En este orden de ideas, la Sala encuentra que el análisis efectuado por el Tribunal es razonado y no responde a su capricho o veleidad, lo que descarta la intervención del juez de tutela, pues es sabido que éste no puede sustituir con su propia apreciación, el análisis e interpretación que hagan los jueces designados para tomar la decisión correspondiente dentro de los litigios sometidos a su consideración.

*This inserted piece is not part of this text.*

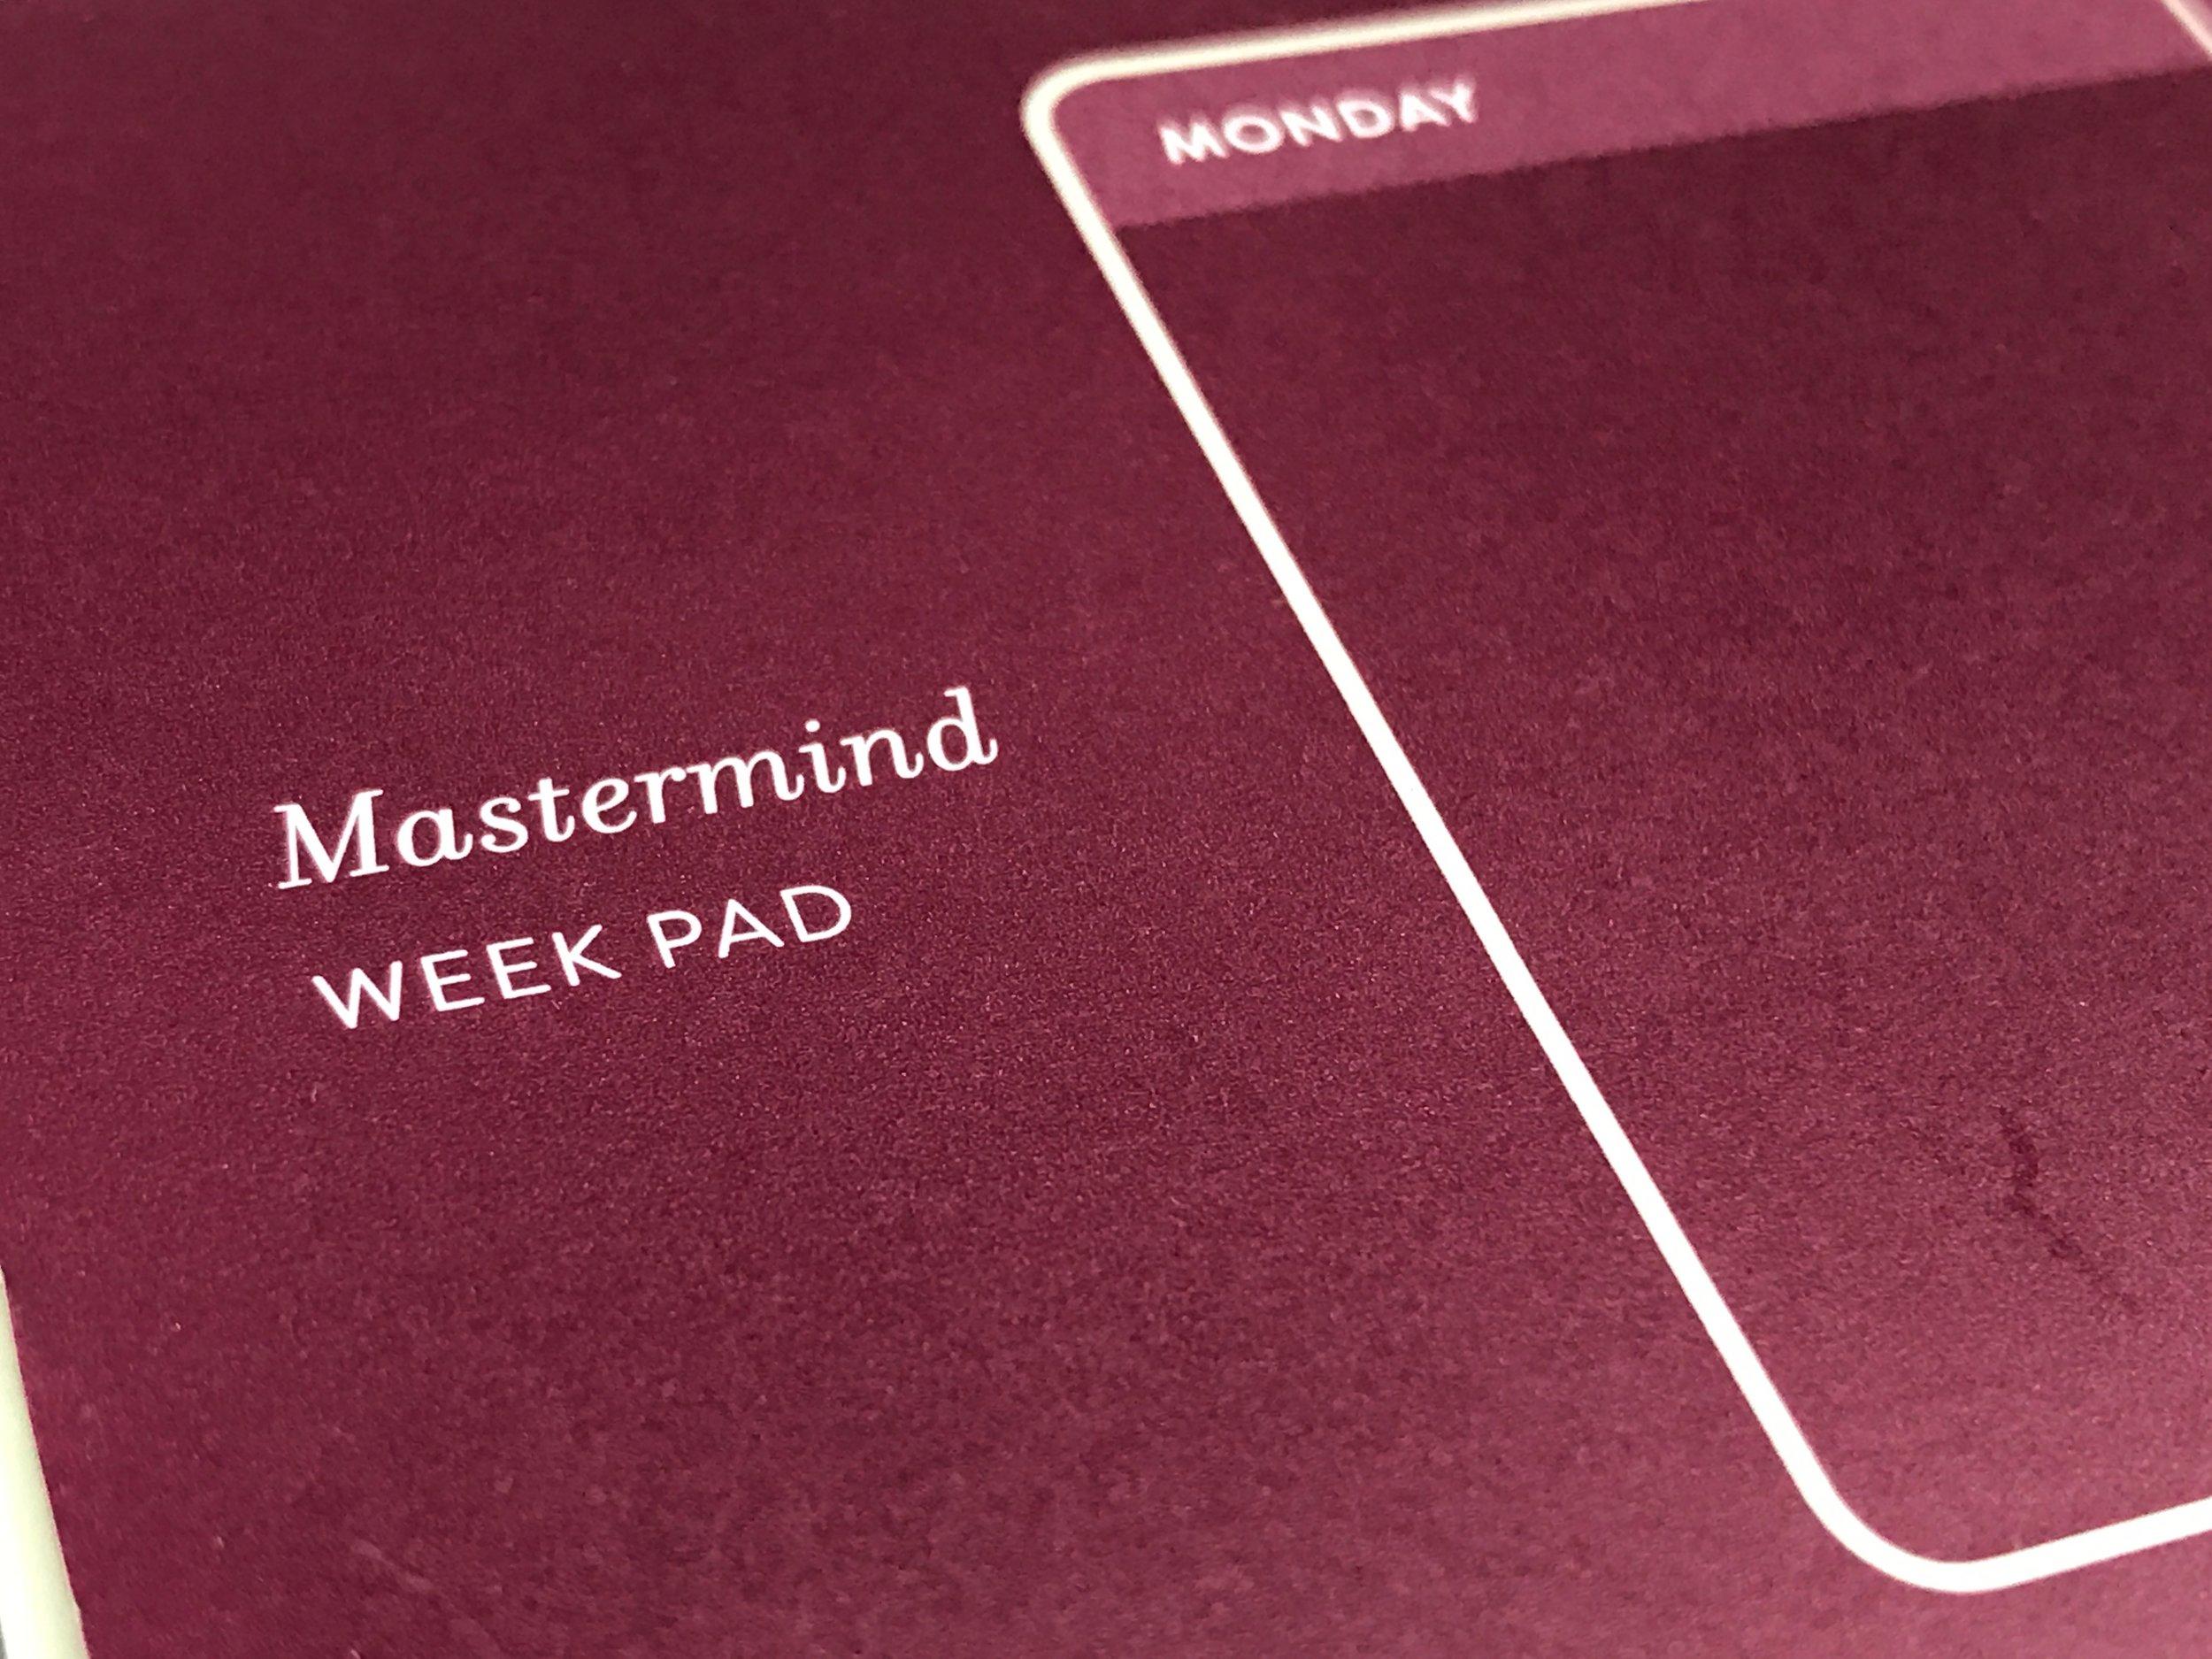 baron-fig-mastermind-week-pad-2.jpg

Así las cosas, no encontrándose probada la vulneración de derecho fundamental alguno, se impone denegar el amparo implorado, reiterando que la tutela no es una instancia a la cual puedan acudir los administrados a efectos de obtener solución a sus conflictos de rango legal, o para debatir sus tesis jurídicas y probatorias sobre un determinado asunto, que en su momento fue sometido a los ritos propios del proceso, según la ley adjetiva, amén de que la providencia que se censura por esta vía, se aviene al criterio expuesto por esta Sala en sentencia CSJ SL787-2013.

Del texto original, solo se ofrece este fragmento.